Let's see if can remember everything now!  My website is www.artisticexpressionsphoto.com.  I do list my pricing on my website, but I think it is hard to find - it's listed under the tab "links and downloads" not "pricing" so i think many people don't even look there.  I have asked in the email "when would you like to schedule a session" or "Let me know when you are ready to schedule your session" but again no response. I have tried follow up emails with an "act now" offer - book before xx and get xx - sort of thing.  nothing seems to work.  I'm really at a loss...


----------



## aephoto (Aug 4, 2009)

Am i new to what? photography or rejection? lol


----------



## NateS (Aug 4, 2009)

First, you need to give your price list a page/tab of it's own so it's easy to find.  I never would have looked in the area where the prices are if you hadn't mentioned it.  Why would I click a tab for links and downloads if I want to view prices....I don't want to download anything and don't want to view any links (usually links refer to offsite pages).

Second....your problem may be in your price list.....not the prices themselves.  As far as I can see, you only offer one package for a single person.  All of your other packages are for more than one person.  What if somebody wants a session for one person but they want the package for the "triple take".  They are going to pay the same as the 3 person package.

Now I understand that 3 hours of your time is the same regardless of whether you are shooting 1 person or 3, so I do think the price should be the same.  However, the customer may not look at it like that and probably thinks "I shouldn't have to pay the same for a 3 hour single shoot as somebody with a 3 hour 3 person shoot."

I would (if I was you) change your packages to to not include the amount of people, but only the increase in hours/prints that they are choosing.  I don't understand why you would charge more for the amount of people (within reason) when the time is the same.  Also, how does adding an extra person make you need an extra hour to get the shots?  I'd be surprised if you really needed 2 additional hours to get good shots of a "party of 3" over a "party of 1".  What if a family of three (like me) wants a one hour session...we are forced to get the 3 hour session even though it's more than we want to spend and probably more than we need/want.

That's my 2 cents.


----------



## misol (Aug 4, 2009)

who oh why do people put music on websites.  drives me nuts


----------



## PhotoXopher (Aug 4, 2009)

Honestly, I left your site after about 15 seconds... people need to find something other that musical flash sites to show their work, it's slow and annoying (and I'm on a lightening fast connection).

Your links are confusing as well... one link was Engagements and Weddings and when you hover over it there's a drop down (for no reason) that says Weddings and Engagements.
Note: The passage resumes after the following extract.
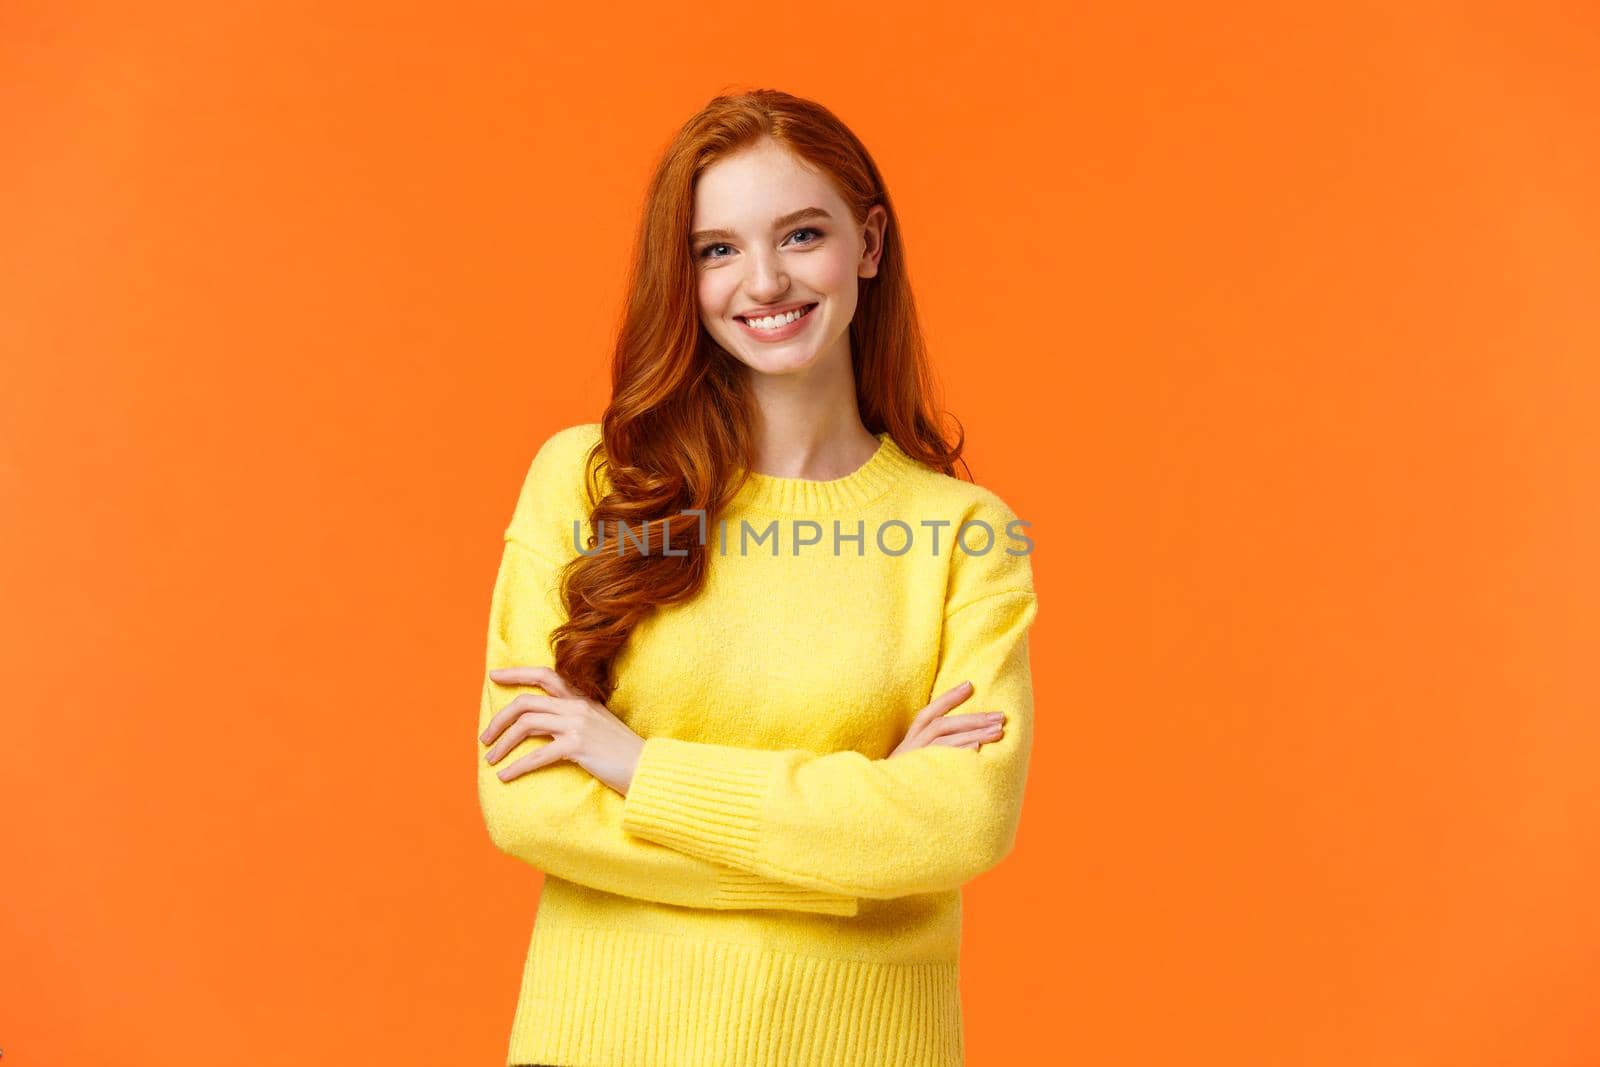 Holidays, people and winter concept. Attractive young smiling girl with red hair in yellow sweater standing in powerful, confident posture, grinning camera, cross arms over chest, orange background.

I know you may not want site critique but that's all I can offer.


----------



## UUilliam (Aug 4, 2009)

N0YZE said:


> Your links are confusing as well... one link was Engagements and Weddings and when you hover over it there's a drop down (for no reason) that says Weddings and Engagements.
> 
> I know you may not want site critique but that's all I can offer.




I agree here, I clicked the tab n i was like....
then i realized you had to click the drop down... very confusing for computer illiterate people


----------



## KmH (Aug 4, 2009)

aephoto said:


> I have asked in the email "when would you like to schedule a session" or "Let me know when you are ready to schedule your session" but again no response.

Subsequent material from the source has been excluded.